Indicators of compromise and recommended immediate actions

SonicWall published specific indicators of compromise (IOCs) administrators can use to detect possible compromise. Administrators should look for:

  • Requests to /__api__/login or /__api__/logout with HTTP 200 status appearing in extraweb_access.log
  • Requests to /wsproxy with suspicious host parameters returning HTTP 101 status appearing in extraweb_access.log
  • Mentions of hotfix rollbacks with path traversal names in ctrl-service.log
  • Presence of routes for /__api__/login or /__api__/logout in /var/lib/unit/conf.json (these URIs do not exist in legitimate configuration)

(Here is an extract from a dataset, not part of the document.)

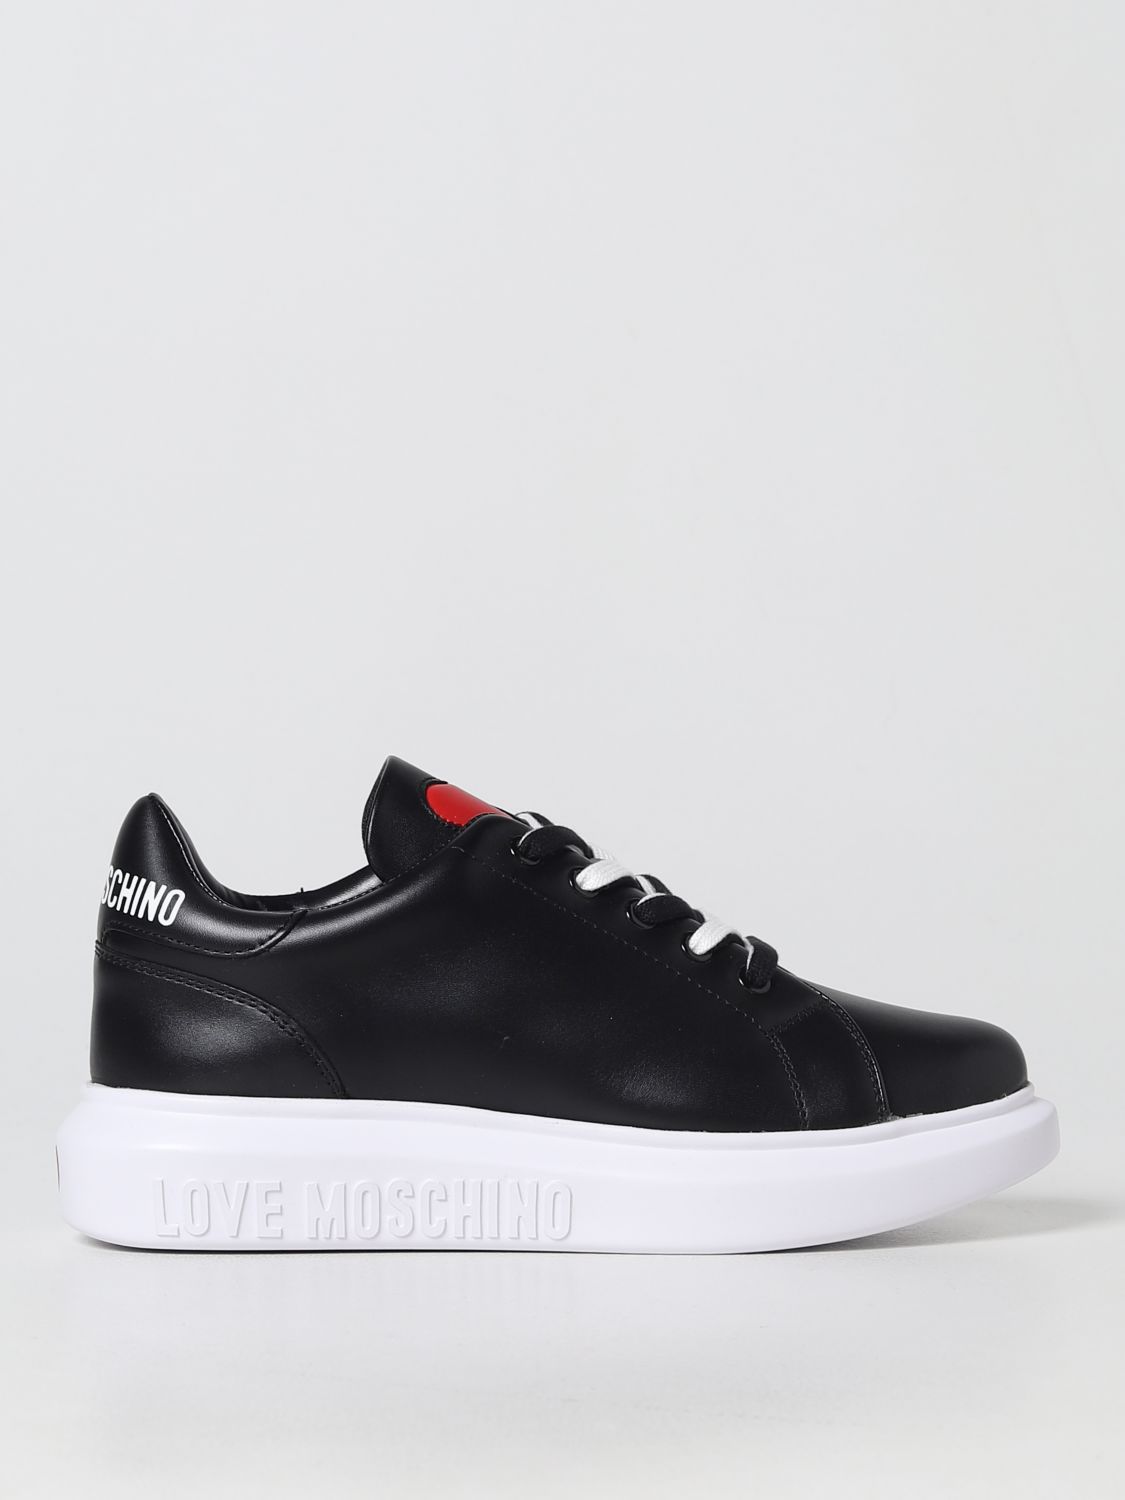 majoor ongeduldig ziel Love Moschino Outlet: sneakers for woman - Black | Love Moschino sneakers  JA15044G1FIA online on GIGLIO.COM
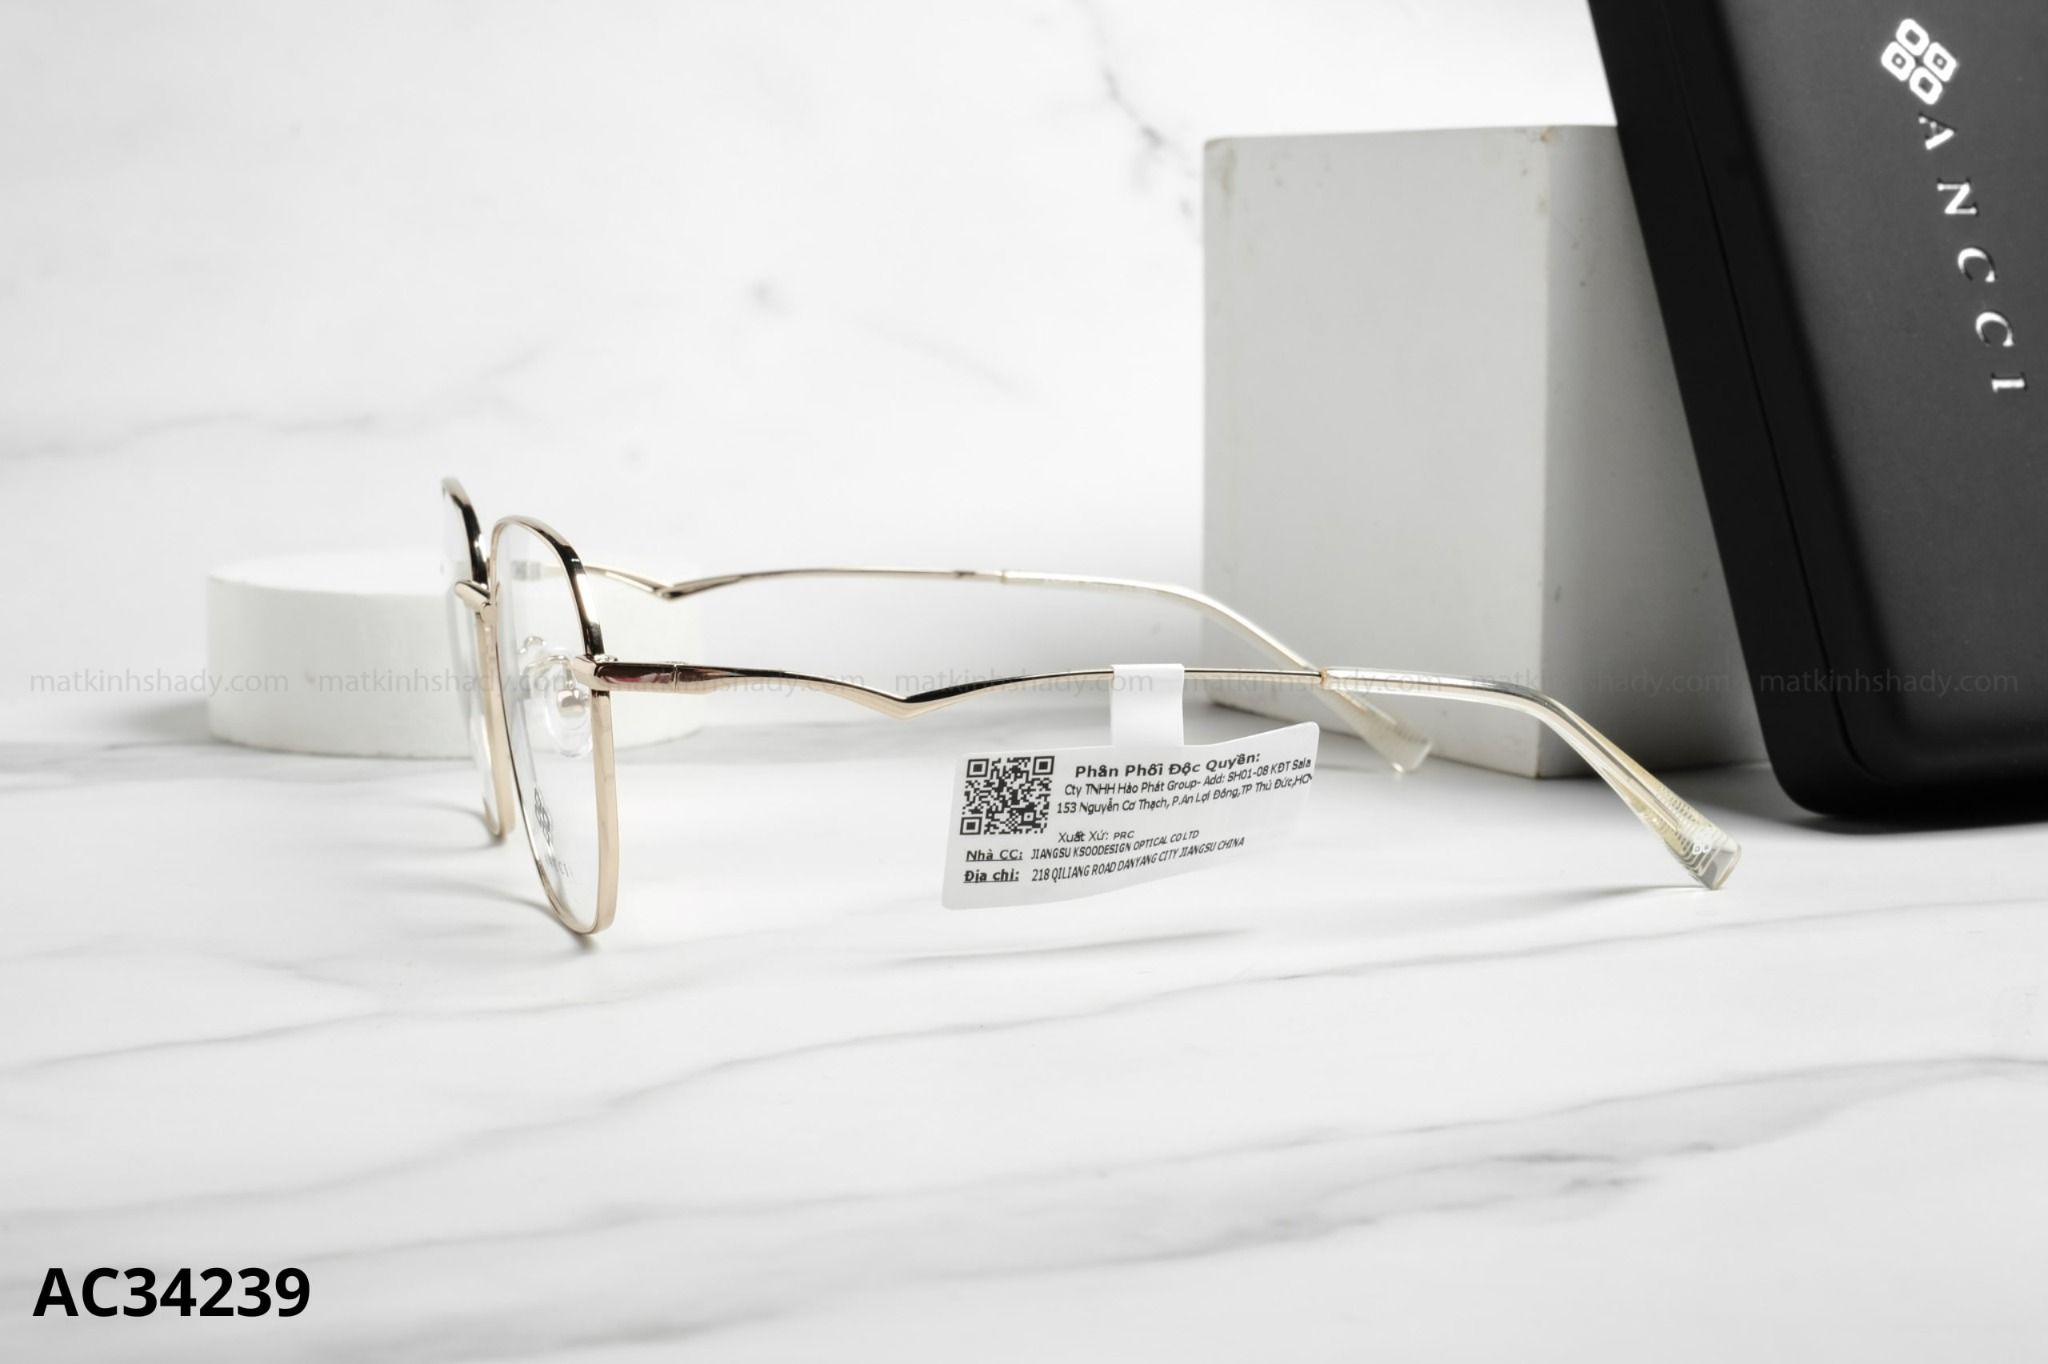  ANCCI Eyewear - Glasses - AC34239

SonicWall strongly recommends upgrading to the latest hotfix release as soon as possible and performing an analysis to determine whether any of the above IOCs are present. If a device is found to be compromised, the company advises administrators to re-image physical appliances or redeploy virtual appliances, change all user and administrator passwords, and reset TOTP tokens. SonicWall further notes there are no workarounds or mitigations other than installing the hotfixes.

CISA listing and the federal compliance deadline

The U.S. Cybersecurity and Infrastructure Security Agency (CISA) has added both CVE-2026-15409 and CVE-2026-15410 to its Known Exploited Vulnerabilities (KEV) catalog, a move that CISA describes as confirmation these vulnerabilities are being actively exploited in attacks. Under Binding Operational Directive (BOD) 26-04, federal agencies have until July 17, 2026, to secure affected systems or discontinue use of the product if mitigations cannot be applied.

What this means for administrators, procurement leads, and incident responders

Administrators and incident responders: SonicWall's published IOCs give a concrete checklist for triage — search the named logs and the /var/lib/unit/conf.json file, prioritize upgrades to platform-hotfix releases 12.4.3-03453 or 12.5.0-02835 (or later), and prepare re-imaging and credential resets if compromise is confirmed.

Procurement and enterprise risk teams: affected SMA1000 models and exact platform-hotfix versions are listed; organizations should inventory deployed appliances against those version strings and schedule immediate patching or decommissioning where fixes cannot be applied before the CISA deadline.

SonicWall has not disclosed whether attackers are chaining the two vulnerabilities together; BleepingComputer has contacted SonicWall for clarification and said it will update the reporting if a response is received. In the meantime, the vendor's stance is unambiguous: install the hotfixes now, hunt for the supplied IOCs, and treat compromised devices as candidates for full rebuild and credential rotation.